The natural next steps before finalizing the addition are:
- some indication from potential publishers that there is willingness to adopt, and that the design is a good fit to existing sites/content
 - some positive indication from relevant experts (eg. open gov data publishers; from W3C's Government Linked Data group or others) that the schema has had some careful review.
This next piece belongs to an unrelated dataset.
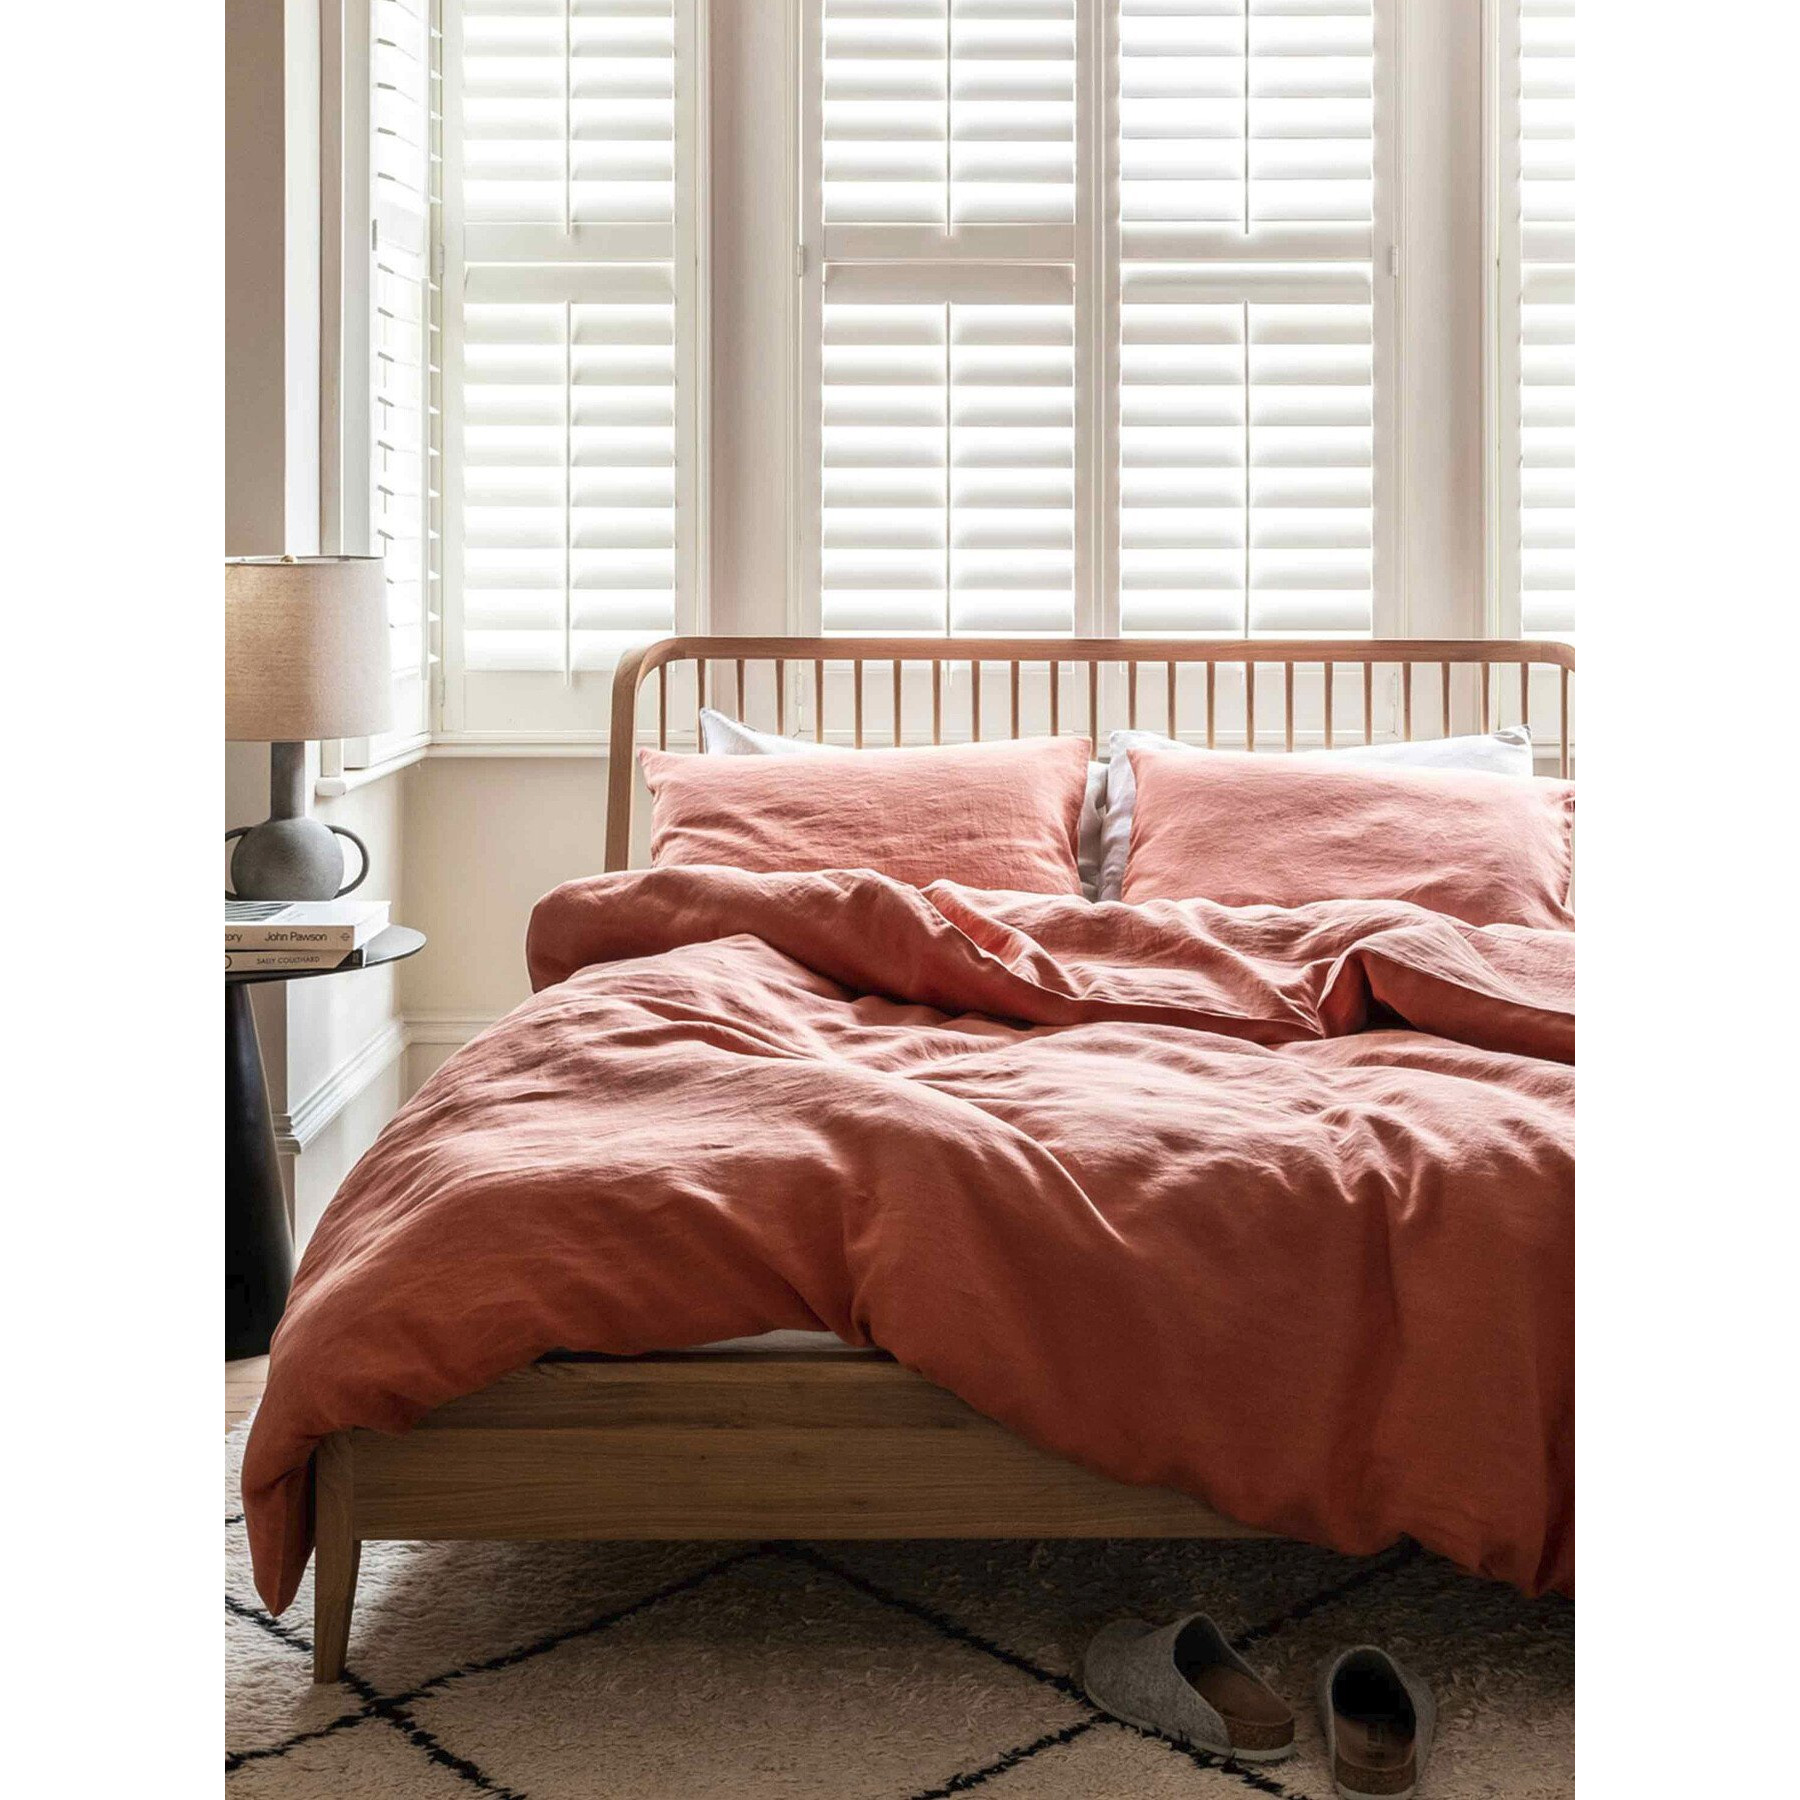 Piglet in Bed Linen Flat Sheet - Size Super King Orange - image 1
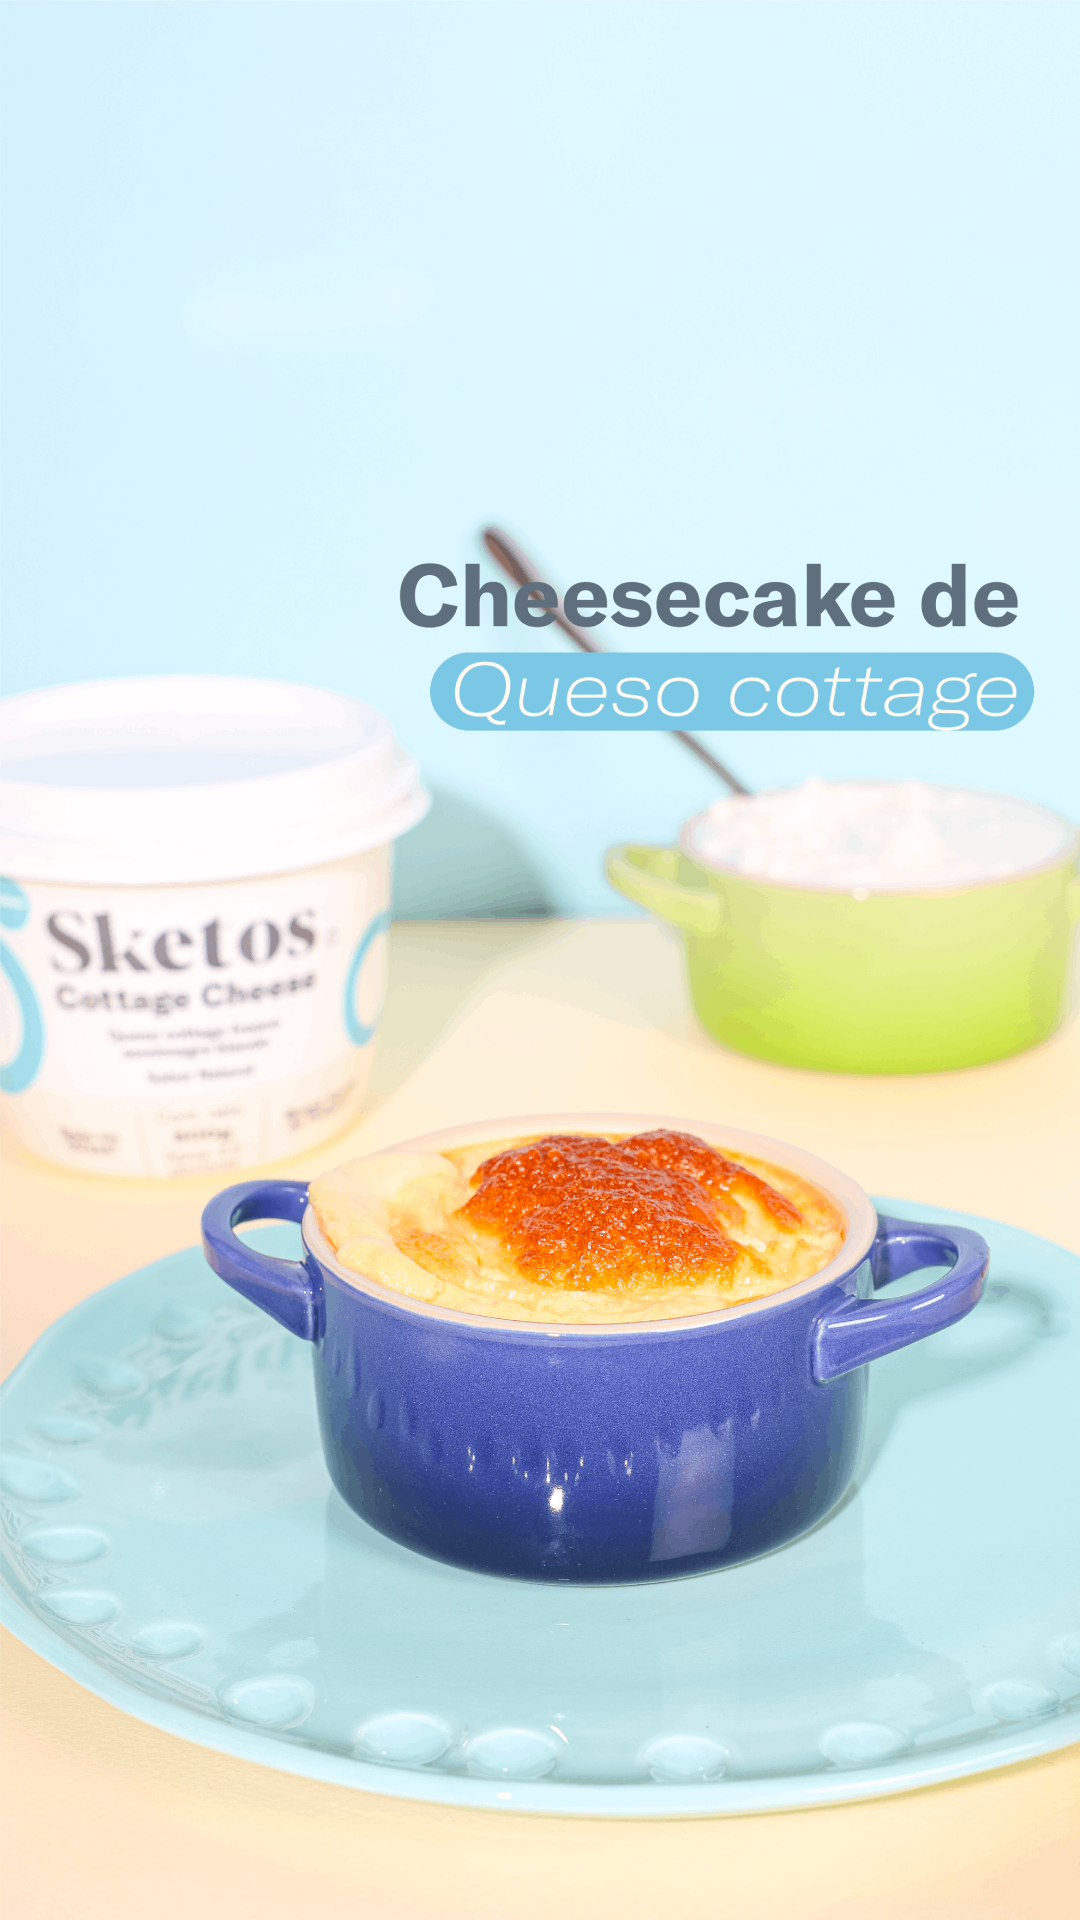 Receta Sencilla de Cheesecake de Queso Cottage: Delicia Nutritiva

Comments can be here in the Wiki, to the public-vocabs@w3.org list (see details at WebSchemas page), or passed along via mail to danbri@google.com.
 
Vocabulary
The Datasets extension introduces three new types, with associated properties:
- Thing > CreativeWork > Dataset: a body of structured information describing some topic(s) of interest
- catalog(DataCatalog): the data catalog which contains a dataset
 - distribution(DataDownload): a downloadable form of this dataset, at a specific location, in a specific format
 - spatial(Place): the range of spatial applicability of a dataset, e.g. for a dataset of New York weather, the state of New York
 - temporal(DateTime): the range of temporal applicability of a dataset, e.g. for a 2011 census dataset, the year 2011 (in ISO 8601 time interval format)
 
 - Thing > CreativeWork > DataCatalog: a collection of datasets
- dataset(Dataset): a dataset contained in a catalog
 
 - Thing > CreativeWork > MediaObject > DataDownload: a dataset in downloadable form
 
Example
Microdata markup
<div itemscope="itemscope" itemtype="http://schema.org/Dataset" itemid="http://example.org/datasets/seismic-hazard-zones">
    <meta itemprop="url" content="http://www.example.org/story.php?title=seismic-hazard-zones"/>
    <span itemprop="name">
        <a href="http://www.example.org/story.php?title=seismic-hazard-zones">
            <b>Seismic Hazard Zones</b>
        </a>
    </span>
    (<span itemprop="temporal">2011</span>, version "<span itemprop="version">2011-Sep-13</span>")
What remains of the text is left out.